* [What to do] Your output should be the lines from the one containing "95 Weldrick Rd" through the last line below, both ends included, exactly as written and free of pictures.

* [Exercise data]
********************

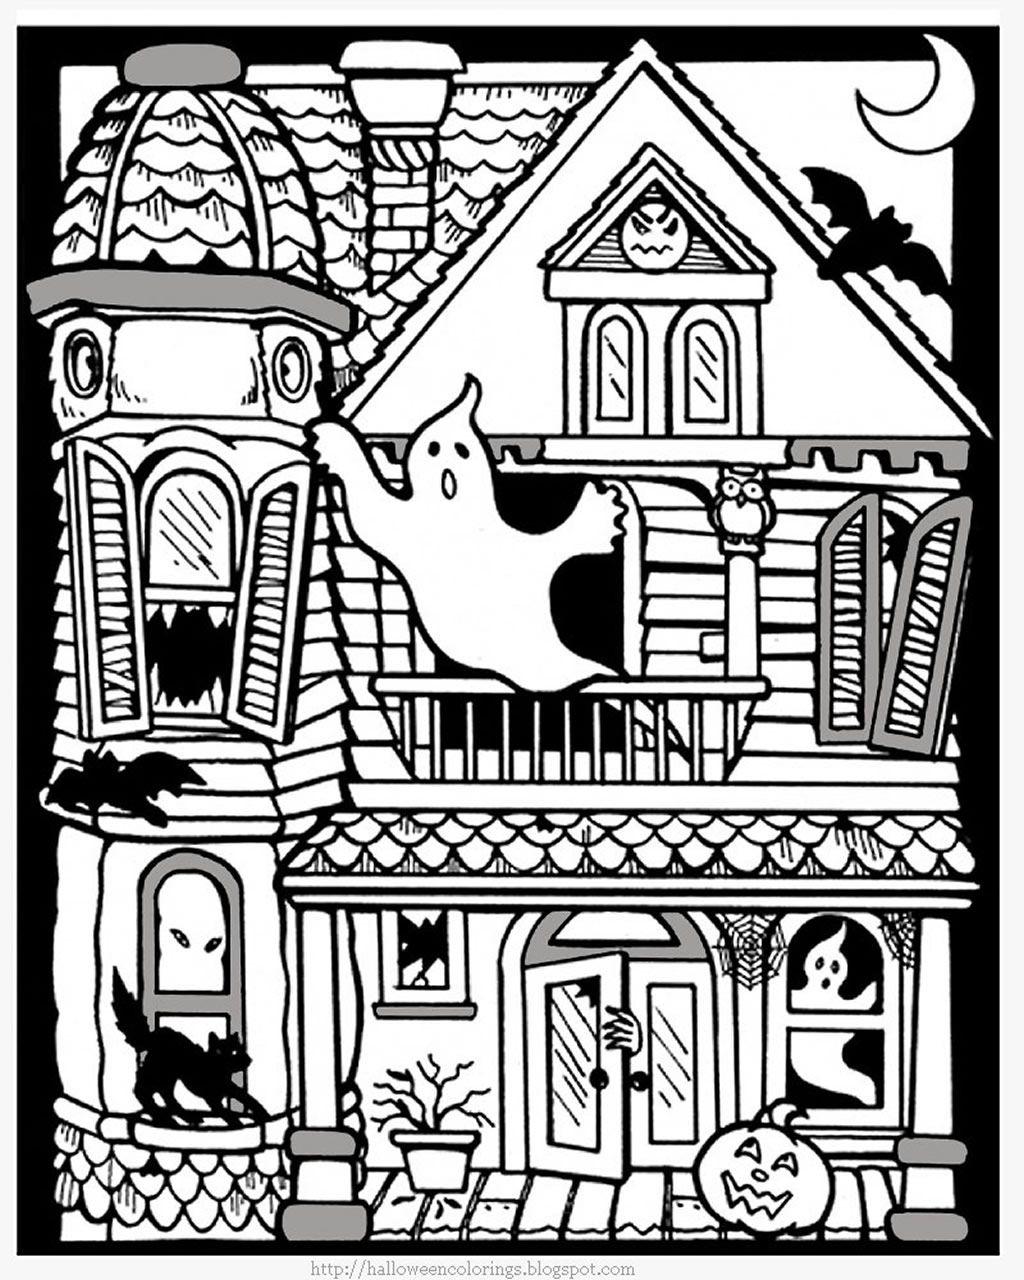 Colour Me In - Haunted House   Celebrations   Pinterest   Celebrations
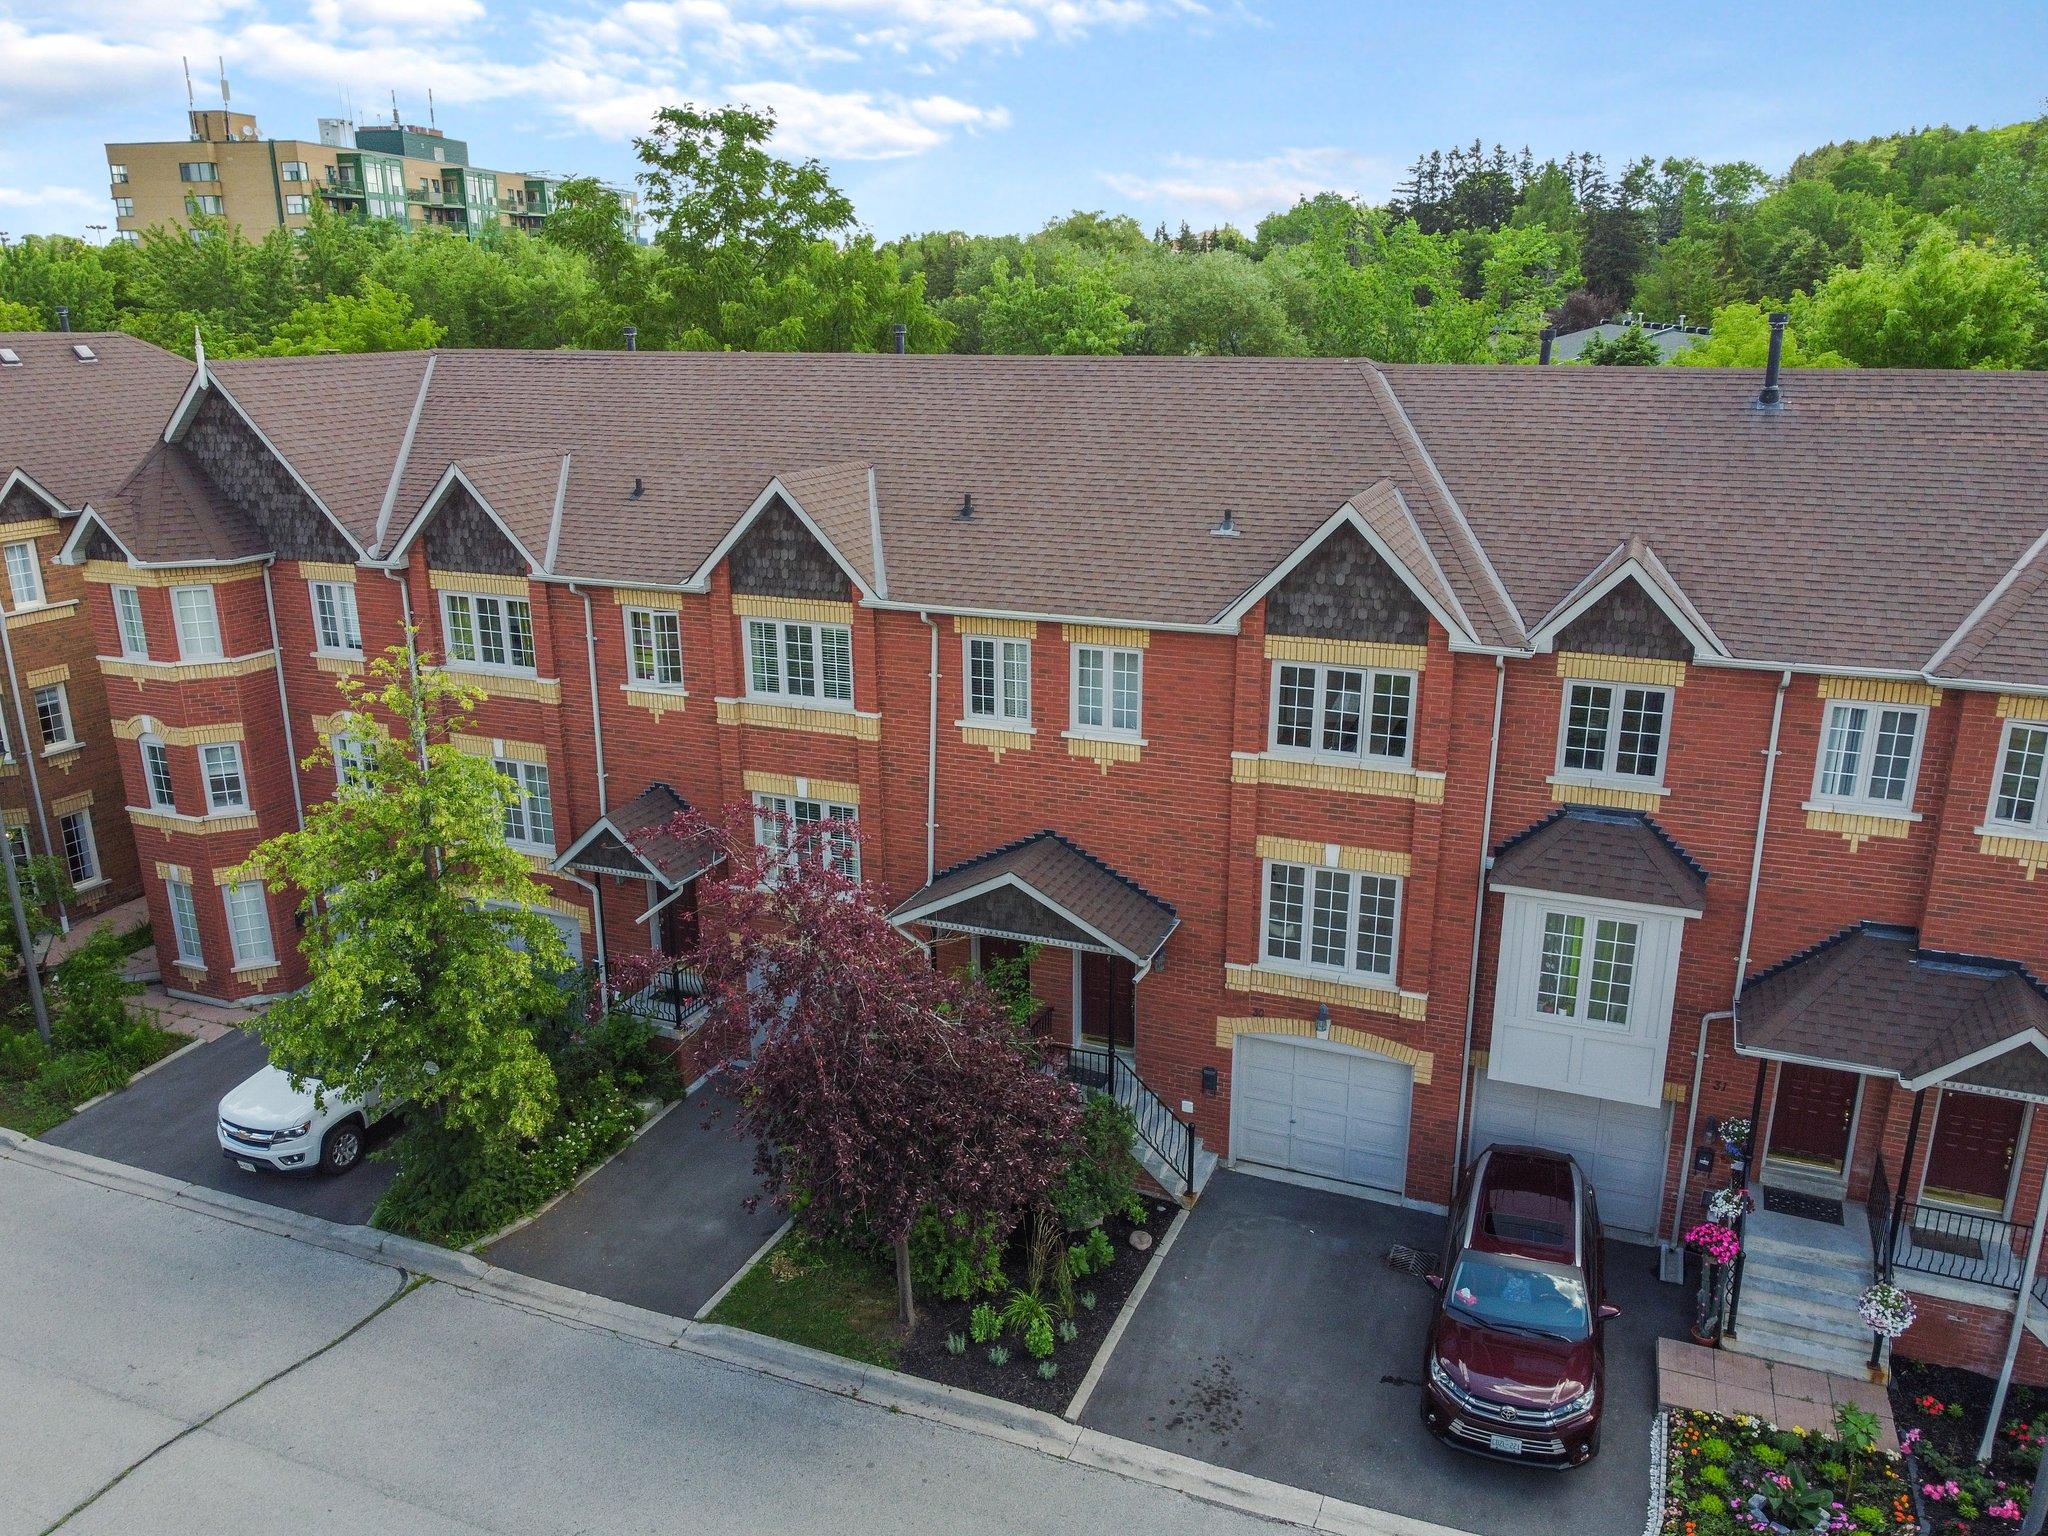 95 Weldrick Rd E, Richmond Hill, ON L4C 0H6, Canada
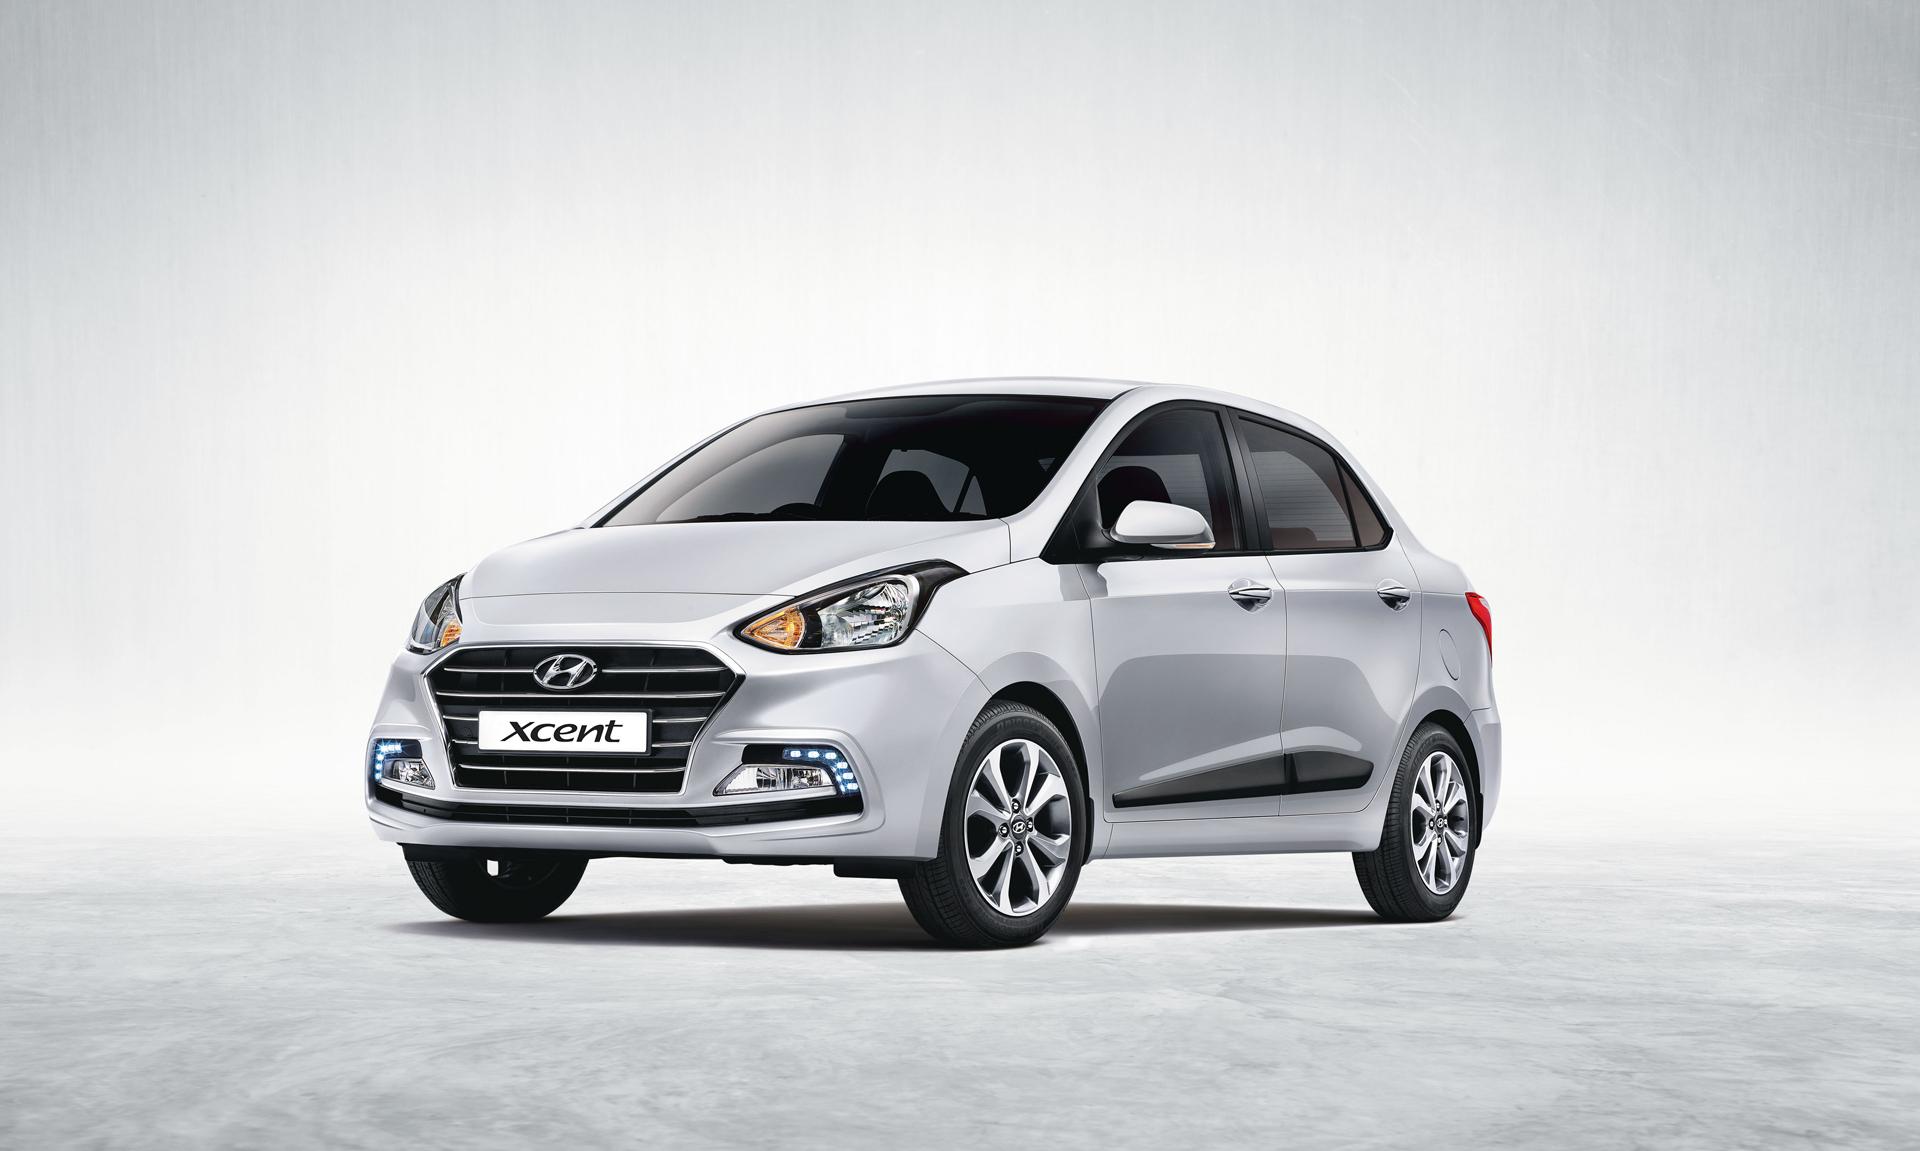 Hyundai Xcent 2017 S CRDi Image

********************

* [Completed exercise]
 95 Weldrick Rd E, Richmond Hill, ON L4C 0H6, Canada
 Hyundai Xcent 2017 S CRDi Image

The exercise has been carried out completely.